Cena tra amici – Recensione
Tutto in una stanza, o quasi. Ma il ritmo certo non manca. Una cena tra amici in un appartamento borghese di Parigi come tanti in apparenza ma… con tanto sale in più.
Il pretesto della cena è presto detto. Vincent (Patrick Bruel), agente immobiliare di successo sulla quarantina, sta per diventare padre per la prima volta. Viene invitato a cena dalla sorella Elisabeth, detta Babou (Valérie Benguigui) e da suo marito Pierre (Charles Berling), entrambi docenti. Alla serata è invitato anche Claude (Guillaume de Tonquédec) amico d’infanzia e musicista. Mentre aspettano l’arrivo di Anna (Judith El Zein), la moglie di Vincent perennemente in ritardo, Vincent viene incalzato da tante domande sulla sua futura paternità. Ma quando a Vincent viene chiesto se ha già scelto il nome del bambino, la sua risposta accende una miccia in tutta la compagnia.
In apertura è d’obbligo una critica per la scelta del titolo italiano, questa volta davvero influente. Se è ormai abitudine consolidata banalizzare in lingua italiana un titolo originale, questa volta la “libera traduzione” è davvero penalizzante. Se non addirittura fuorviante. Se da un lato è vero che si tratta di una “cena tra amici”, è altrettanto vero che lasciare il titolo originale Le prénom avrebbe senza dubbio valorizzato l’ottima pellicola. Oltretutto di “cene tra amici” (con o senza cretino) e di “inviti a cena” (con o senza delitto) ne abbiamo visti a decine sul grande schermo, forse troppi.

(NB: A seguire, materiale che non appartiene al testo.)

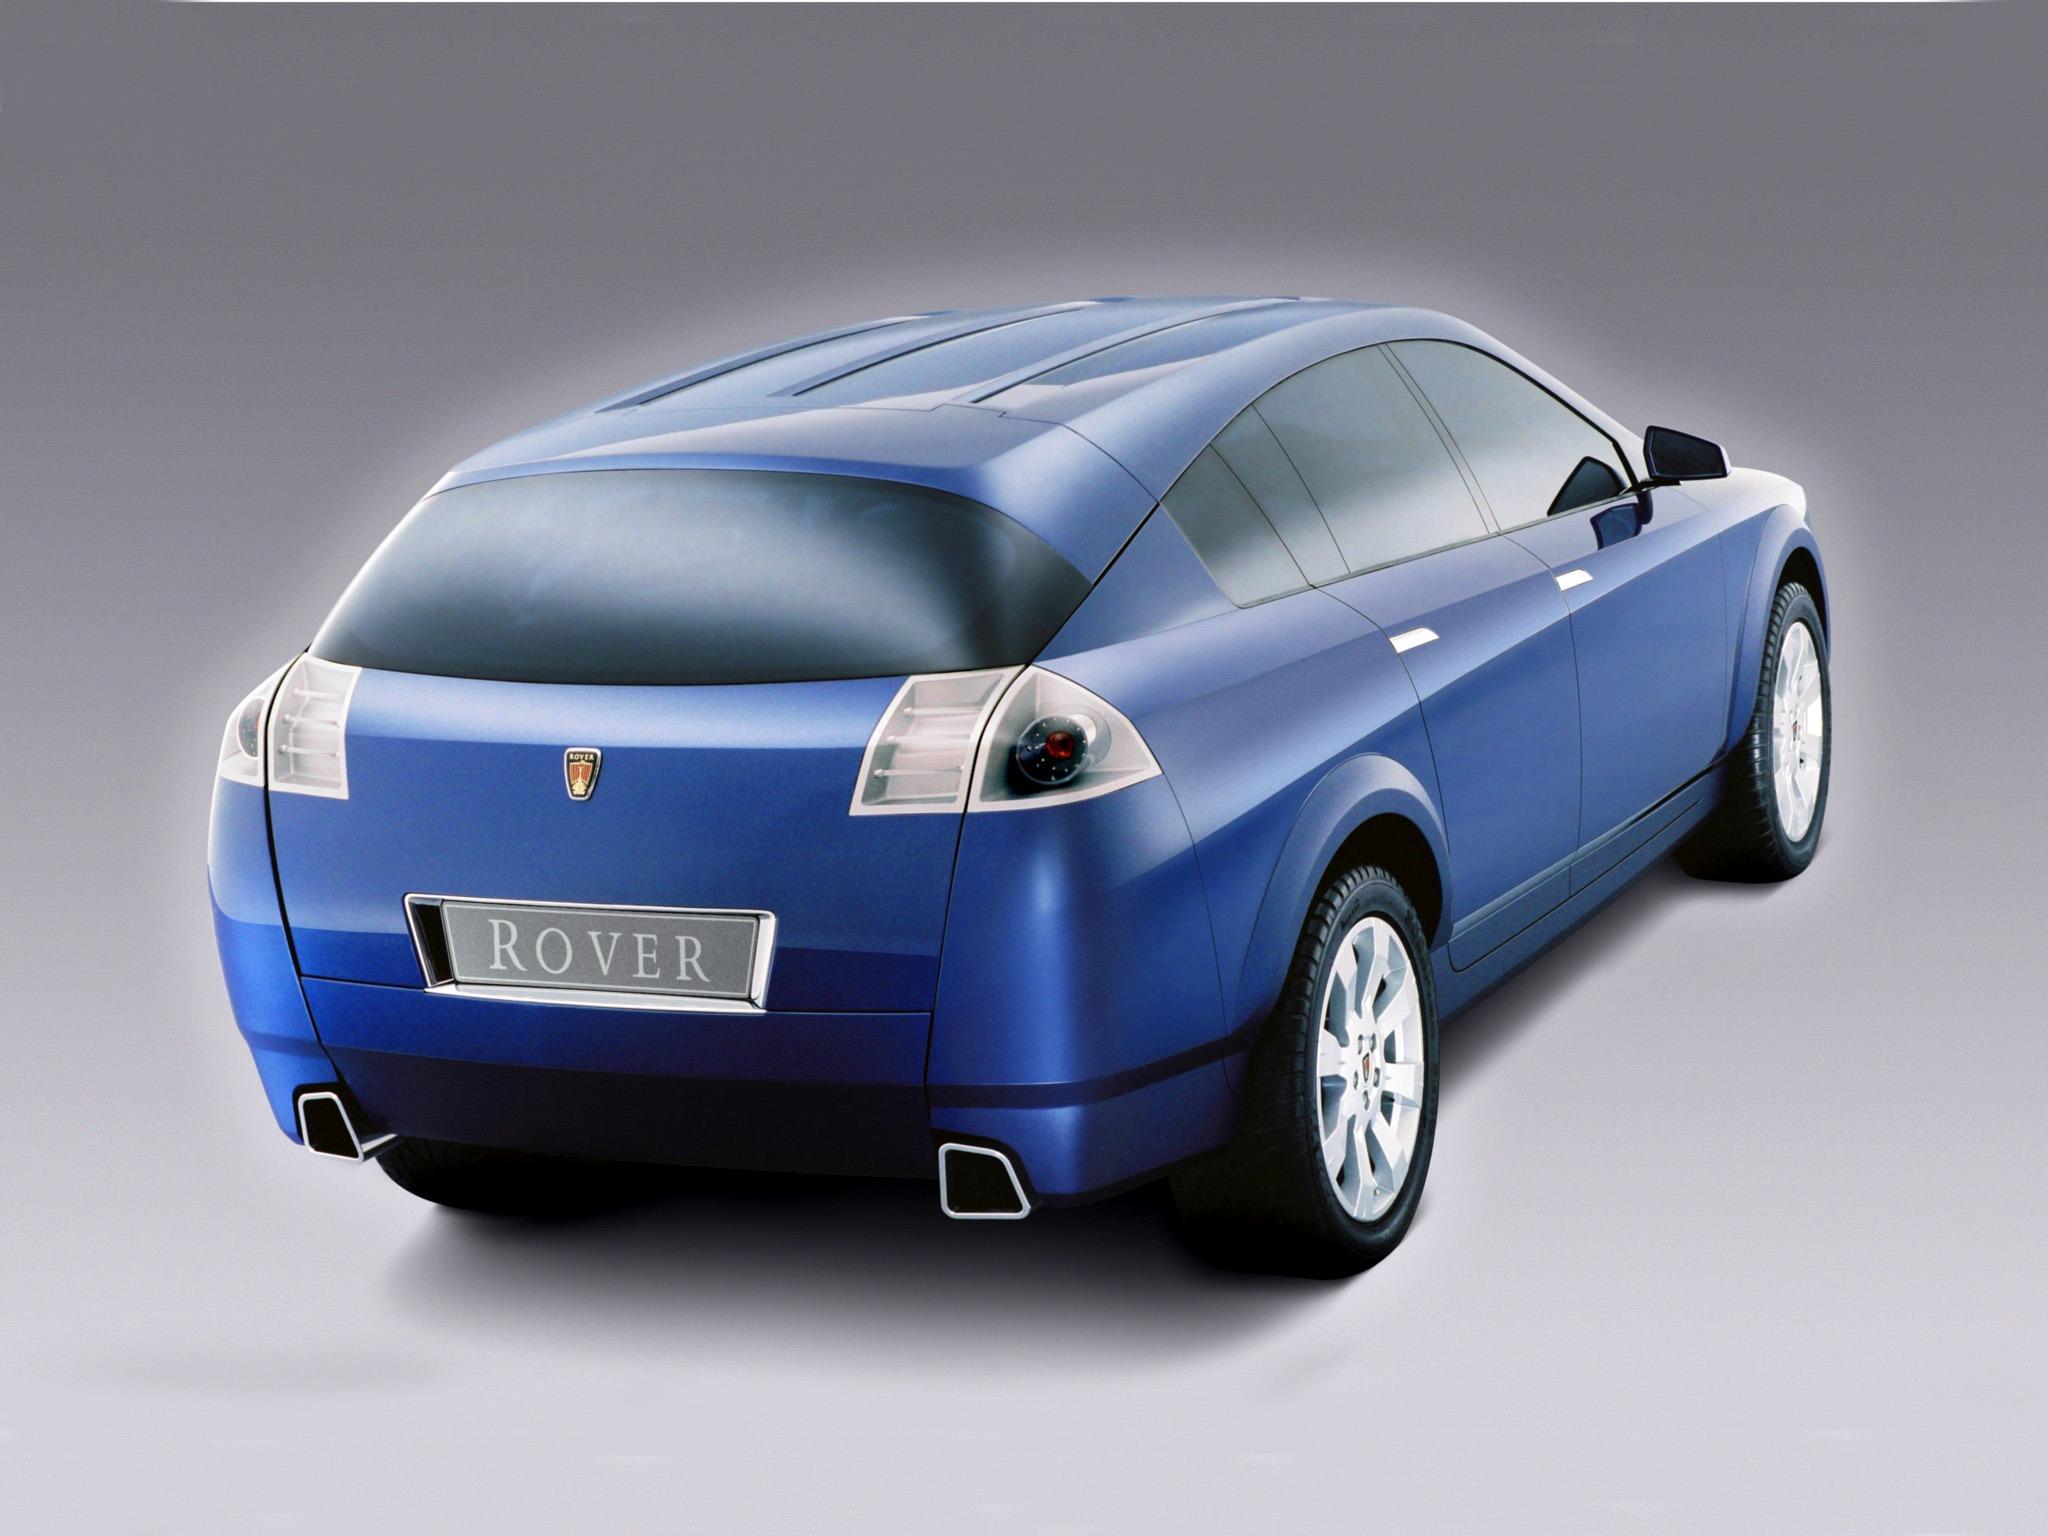 Rover TCV Concept (2002)

Qui, più che cenare, si discute (almeno nella parte iniziale) sulla scelta di un nome, scintilla (“granata stordente” come l’hanno definita i due registi) che porta a una lite familiare dalle impensabili conseguenze. Un gioco di intelligenti rimandi ruota sul tema del nome per tutto il film. A partire dai titoli di testa, dove dai nomi del cast sono rigorosamente esclusi i cognomi. Originale l’incipit che segue il percorso di un ragazzo che consegna le pizze a domicilio mentre si raccontano le tristi biografie dei personaggi a cui sono intitolate le strade percorse dallo scooter.
Tratto da una pièce teatrale di Matthieu Delaporte e Alexandre de la Patellière (che ha registrato incassi record in tutti i teatri dove è stato rappresentato) e diretta per il grande schermo dagli stessi autori, Cena tra amici conferma lo stesso cast nel passaggio dal teatro al cinema. Con l’unica eccezione di Charles Berling, new entry nel film nel ruolo dell’intellettuale della gauche francese nonché padrone di casa Pierre.
Divertente fuoco incrociato di battute, una vera giostra verbale, scoppiettante girotondo di equivoci e incomprensioni, efficace quanto impietoso ritratto della media borghesia francese (ma non solo). I bersagli degli autori colpiscono forte, da una parte e dall’altra: da un lato l’élite di sinistra radical-chic e intellettuale che si crogiola nei suoi saldi principi e nel suo background culturale di cui è perfetto rappresentante Pierre e dall’altro una certa destra, ricca, egocentrica, esibizionista, talvolta un po’ ignorante e arrogante perfettamente incarnata da Vincent (ruolo che sembra cucito addosso al poliedrico artista francese Patrick Bruel). Ma tutti e cinque i personaggi sono delle “maschere” che si indossano nella vita quotidiana, ognuno interprete della propria caricatura, personaggi incastrati alla perfezione, leader e “dominati”, almeno fino all’esplosione del “non detto”.
Ancora un dosato mix di leggerezza e intelligenza made in France dopo i felici esiti di pellicole come Quasi amici (che ha fracassato molti record di incassi) e Piccole bugie tra amici.
Un consiglio agli spettatori, non pensate a Carnage, perché, al di là del gruppo di borghesi intenti a discutere in un salotto e destinati a sollevare impietosamente il velo su tante ipocrisie, di similitudini ce ne sono davvero poche. A cominciare dal fatto che nel film di Polanski le due coppie che si incontrano sono composte da quattro sconosciuti mentre qui il quintetto è legato da parentele e amicizie di vecchia data (ma ci si conosce poi davvero così bene?). In questa Cena tra amici si compie un piccolo miracolo di sceneggiatura, riscritta e riadattata magistralmente dai due autori per il grande schermo, che trabocca di risate, boutade efficacissime, colpi di scena, ritmo.
Finale scoppiettante (in tutti i sensi) con sorpresa (e ghigno), fuori dal salotto.